I have never looked back!

Here are some examples from our Star Frontiers campaign.

First a spacestation map, and the player's traced map:

DM's Map
Partial Tracing for Players
Here is an isometric map of a compound:


2 comments:

  1. I really like the isometric map of Slave City One. I might just have to make a version of that for the Frontier Explorer. Very cool.

    ReplyDelete
    Replies
    1. Glad you liked the map.
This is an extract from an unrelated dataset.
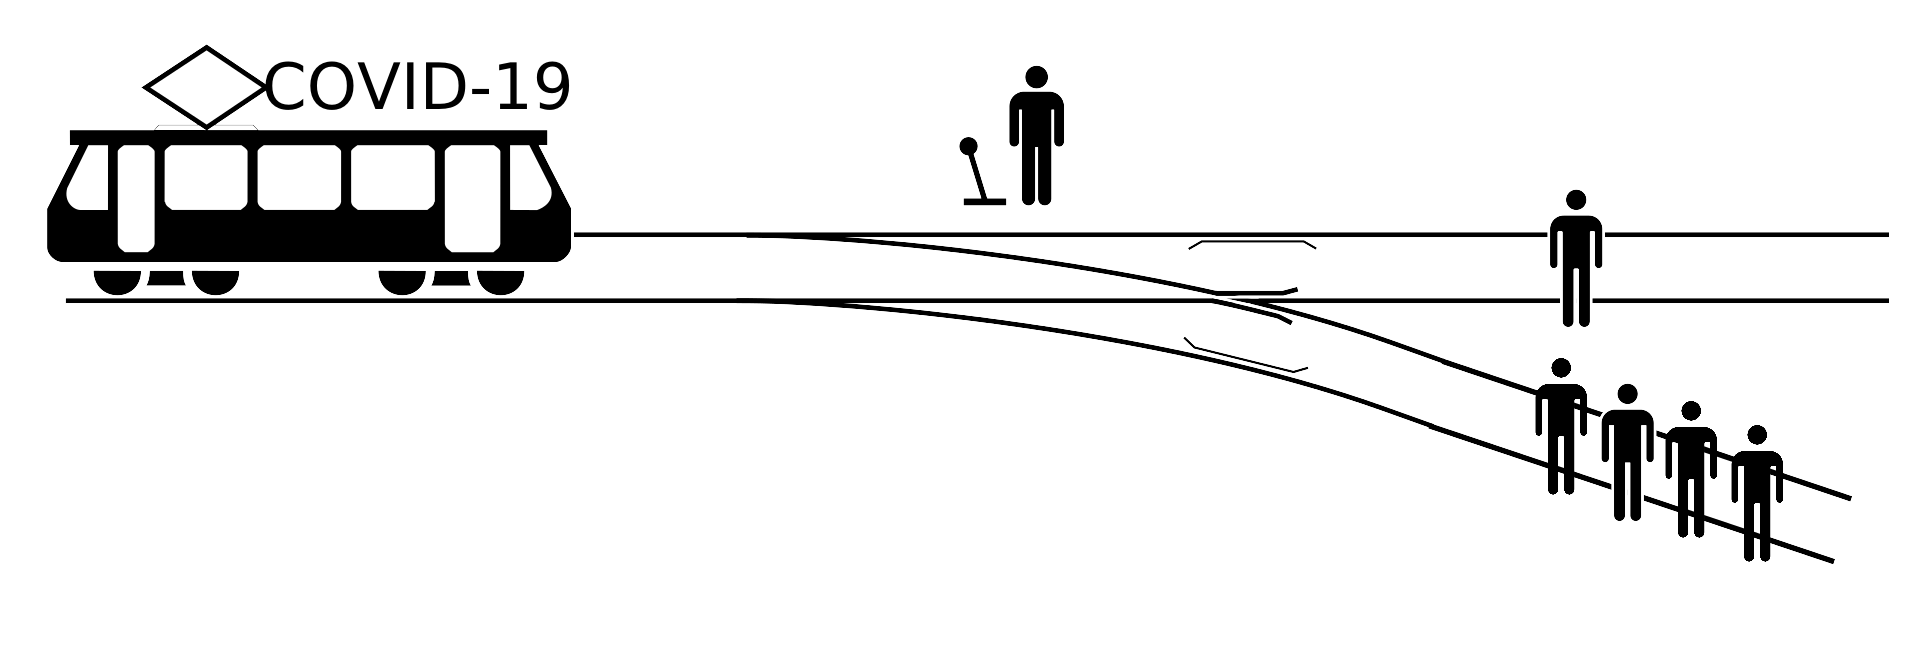 Image of trolley heading toward junction; 1 stick figure on main track, 4 stick figures on side track; a stick figure standing my lever that can switch the trolley's track
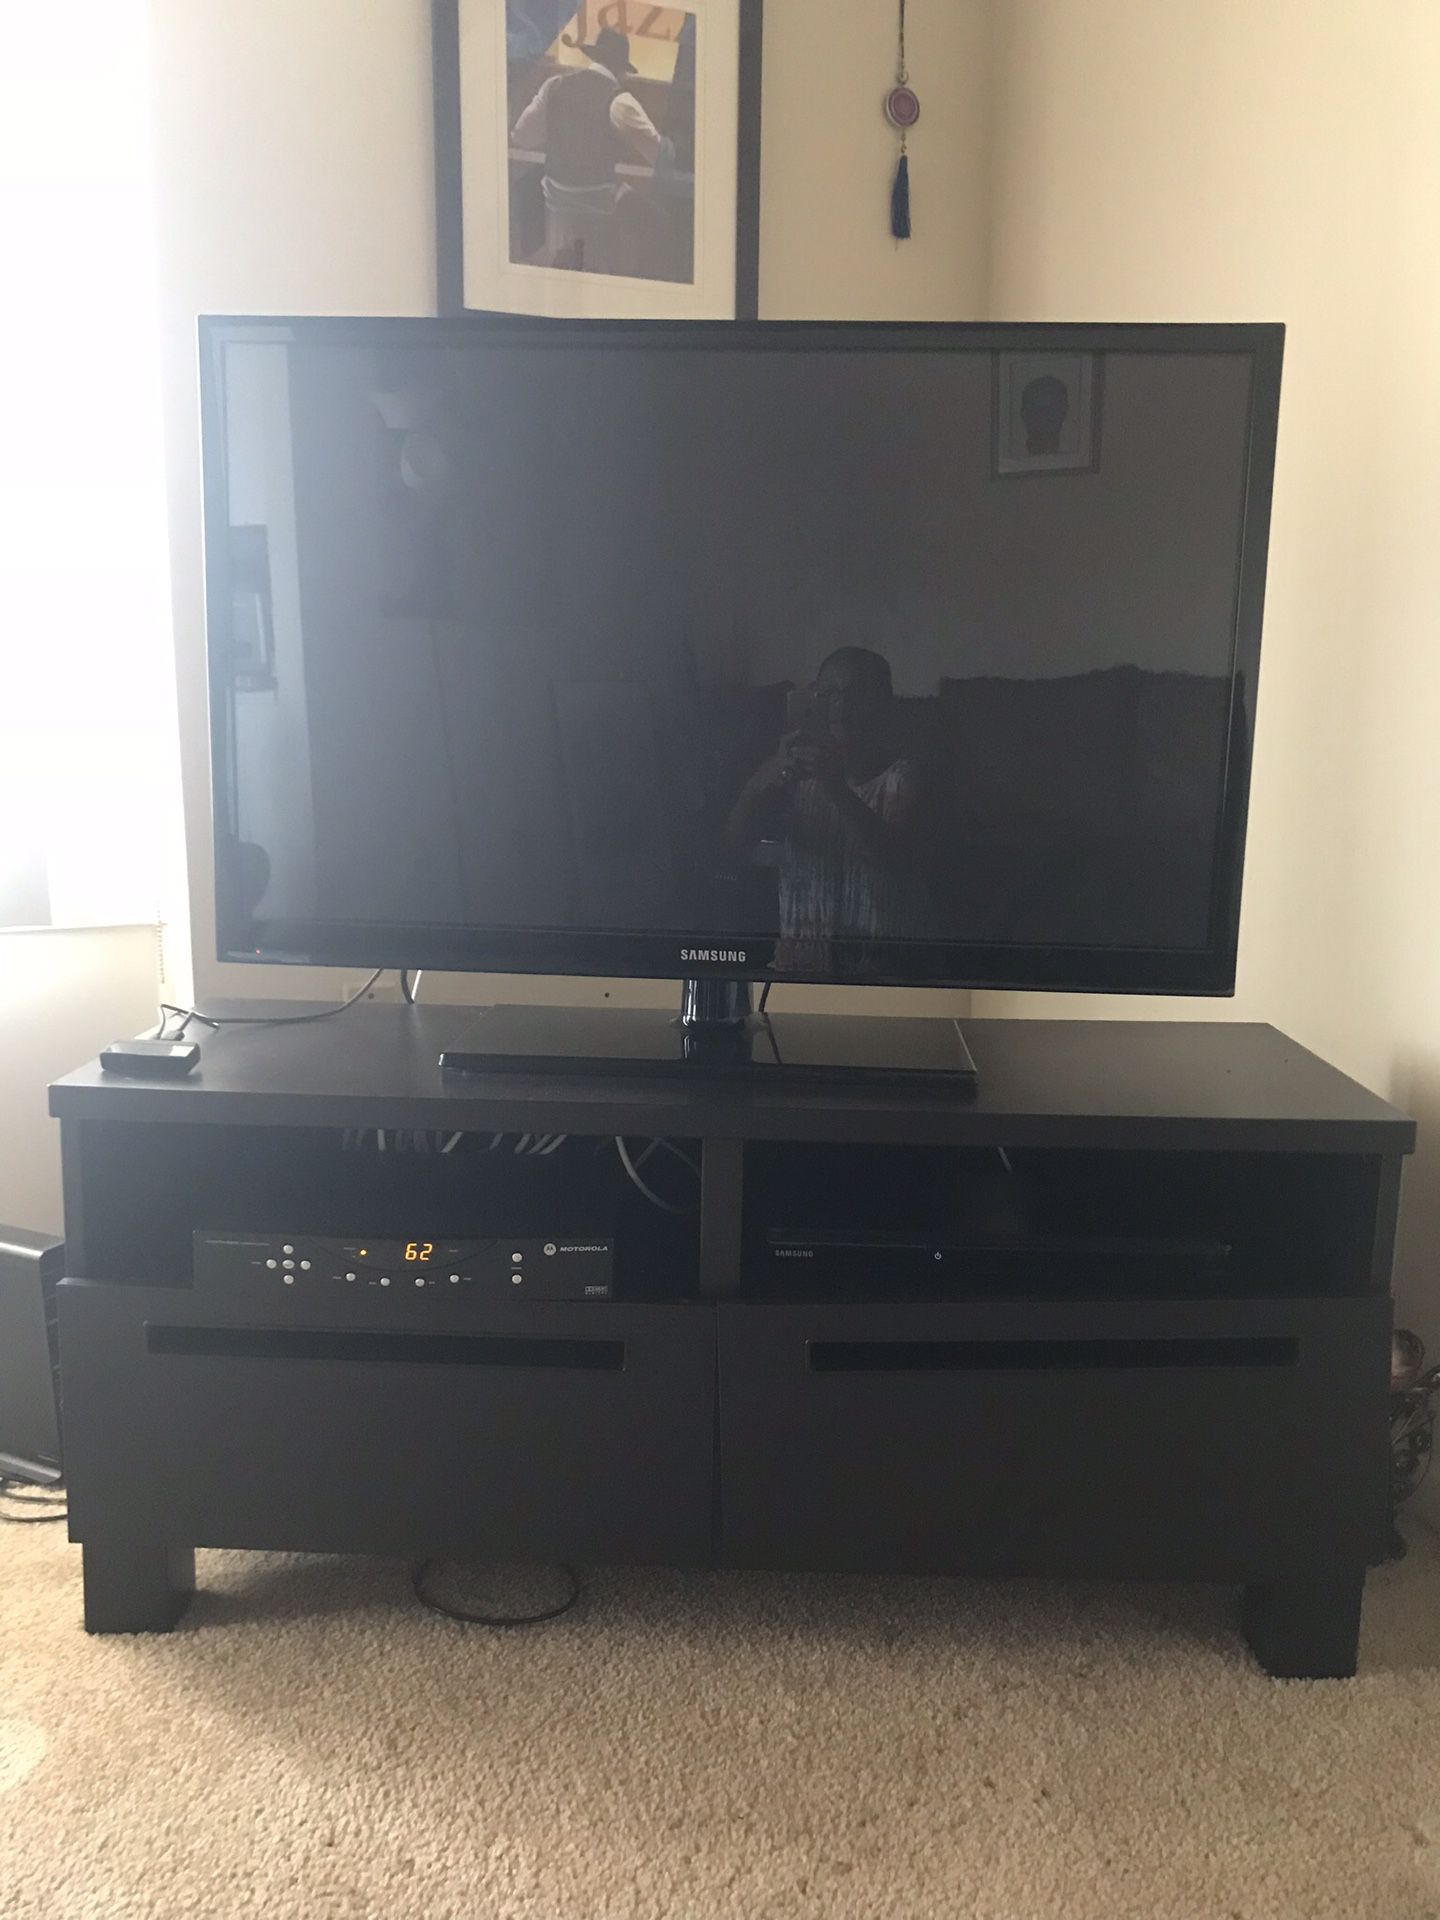 Moving out of the country! Smart Samsung TV 46’’ plus table stand for only $250

If you put something in Frontier Explorer please mention my blog :-)

      The skill system I'll be posting in a week or two has its origins in an alternative Star Frontiers skill system, and I plan on posting that as well.

      The other map is also from our Volturnus campaign replacing the lame box text at the end of the last module. After infiltrating and sabotaging the Sathar ship (a long story involving hacking the computer system to redirect the poison destined for Volturnus into the air suply) they ended up stranded in space with their only chance of survival a derelict space station. After docking they find an alien creature has made a hole in the hull and broken in (hence the sections marked vacuum) and is feeding on the Eorna eggs. It’s basically the old Dr Who story “The Ark In Space”. Google that to see what the space station looks like – the central bit is a long crawl space up and down with eggs arranged all around.